Assembly government officials say at-risk patients should get vaccinated against flu, after increases in cases across Wales.
GPs are reporting 92 cases per 100,000 of the Welsh population - up from 82 last week.
Health officials say the cases of the illness remain typical for the time of year.
However, at-risk groups, including pregnant women are being asked to get immunised if they have not done so.
"We have made clear that people in seasonal flu at-risk groups, including pregnant women, are at a higher risk of complications from seasonal flu, and the best protection is vaccination," said a spokesperson for the assembly government.
"A press and publicity campaign has been running since October and has included television, radio and bus adverts to ensure that people know if they are in an at-risk group and that the vaccine is available free of charge from the GP.
"We continue to strongly advise all those in the at-risk groups to get vaccinated if they have not already."
One of the main concerns for health officials has been the number of people contracting swine flu strains of the disease, H1N1.
In the UK, 27 people have died from flu this season, of which nine were children. Among the fatalities, 24 had swine flu.

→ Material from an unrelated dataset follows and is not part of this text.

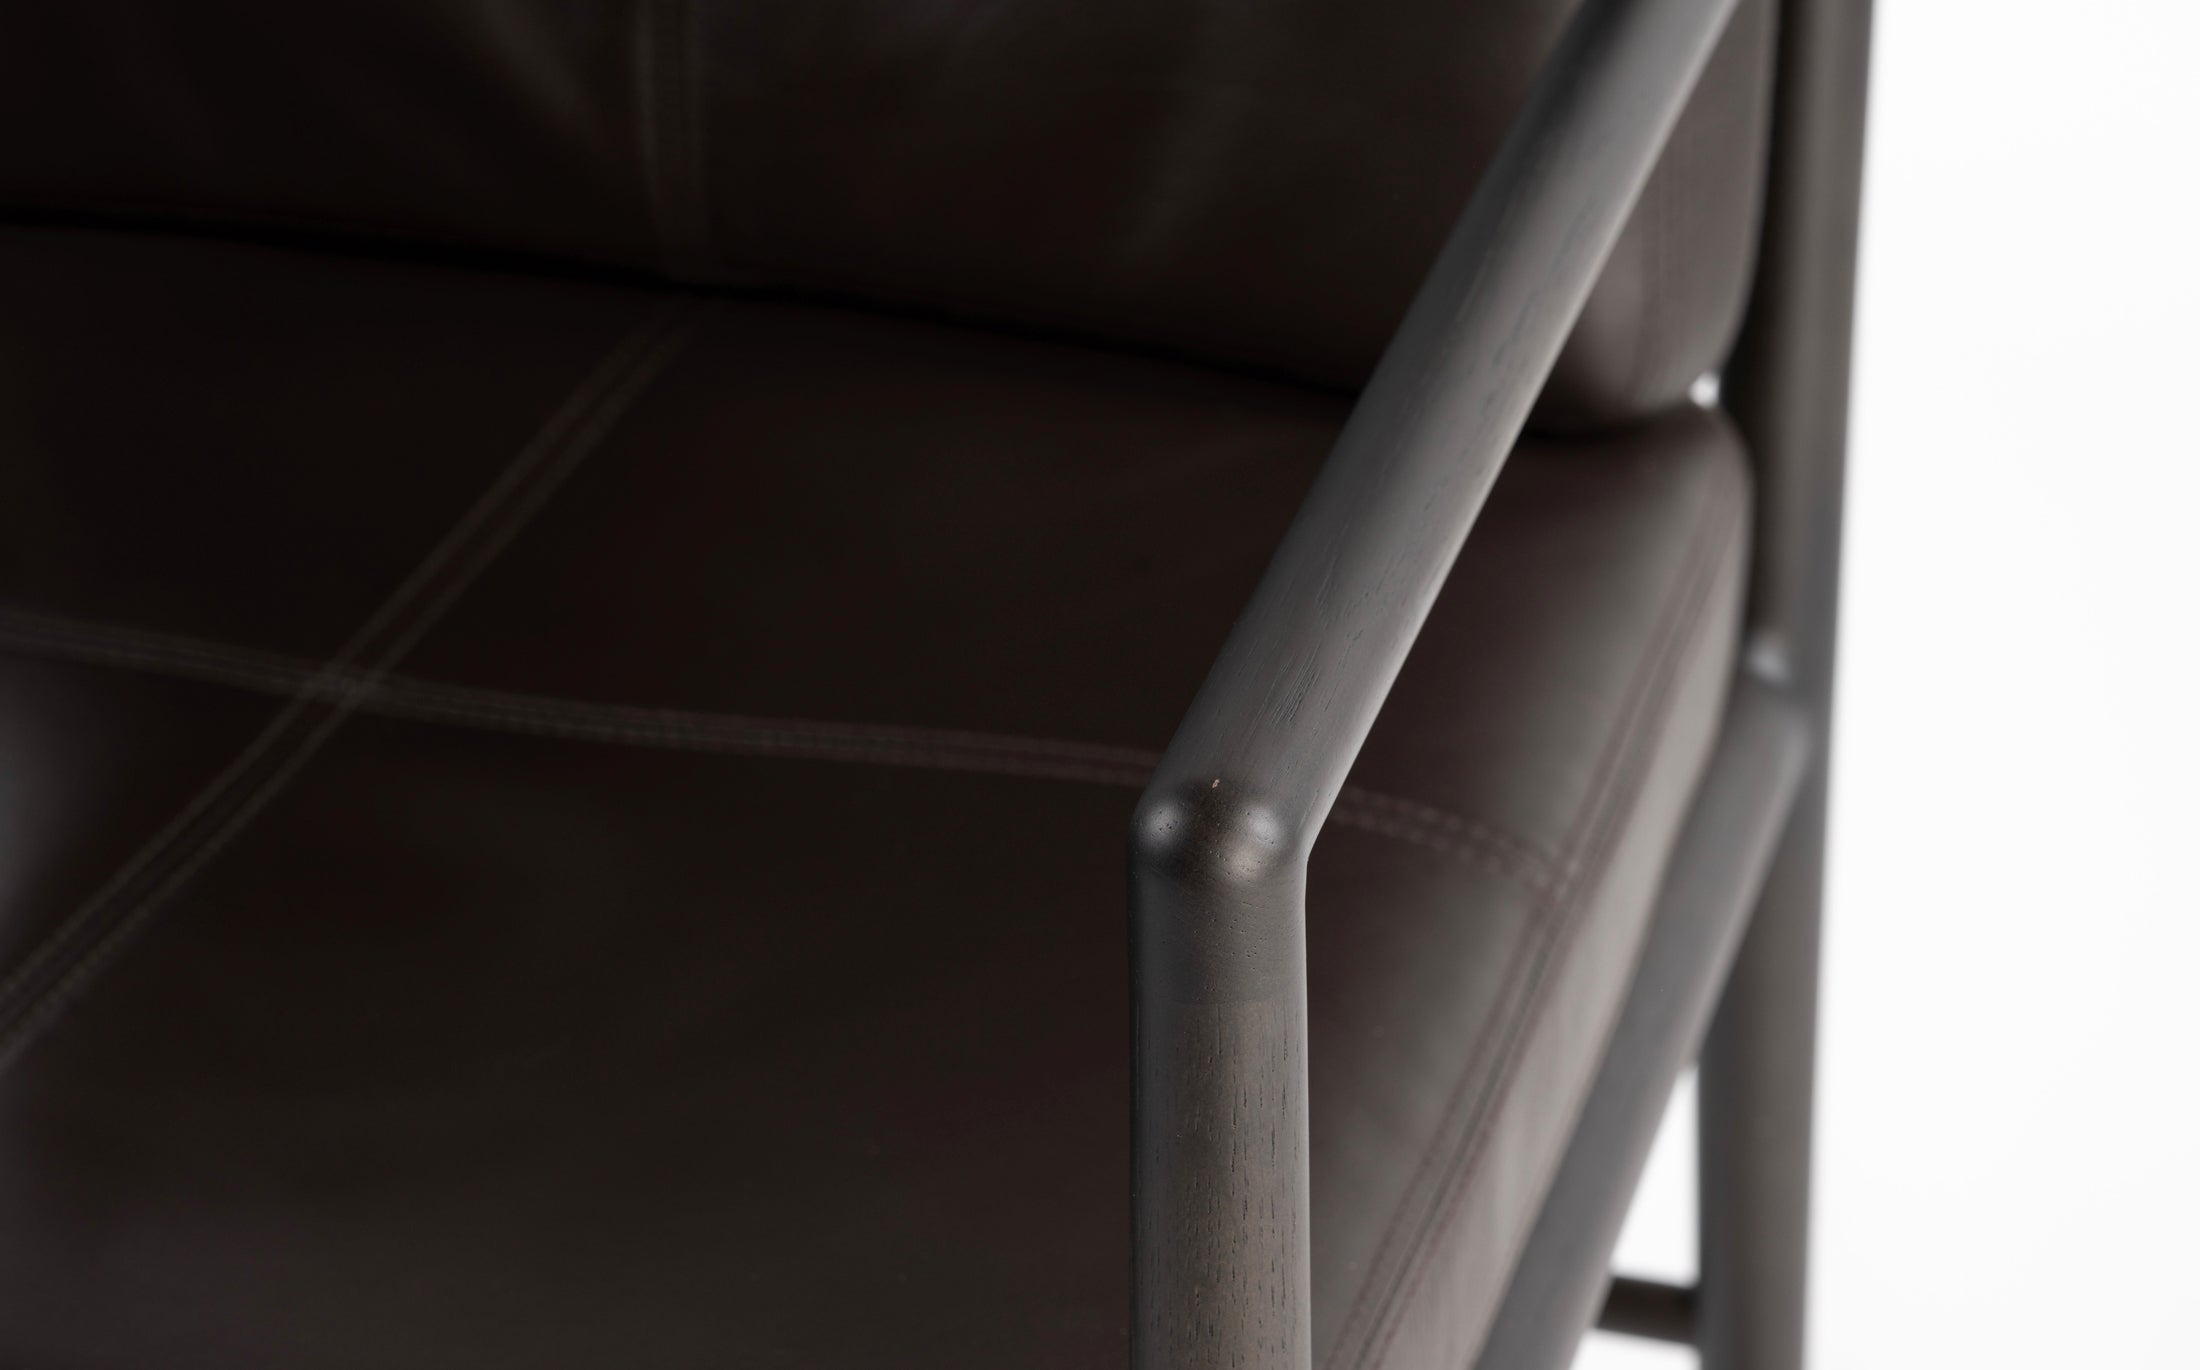 The sensitive comfortable armchair - Charcoal grey

However, the H1N1 swine flu strain is protected against in the current seasonal flu vaccination.
"It's the end of an extremely cold and unpleasant December and we would be expecting to see more flu at this time of year anyway, but certainly the numbers do appear to be going up" said Dr David Bailey, chairman of the British Medical Association's GP committee in Wales.
"I think the problem has been that a lot more people are getting seriously ill with it, and certainly the pressure on intensive care units has been significantly greater."
"Of course - that is one of the things that is covered in the immunisation."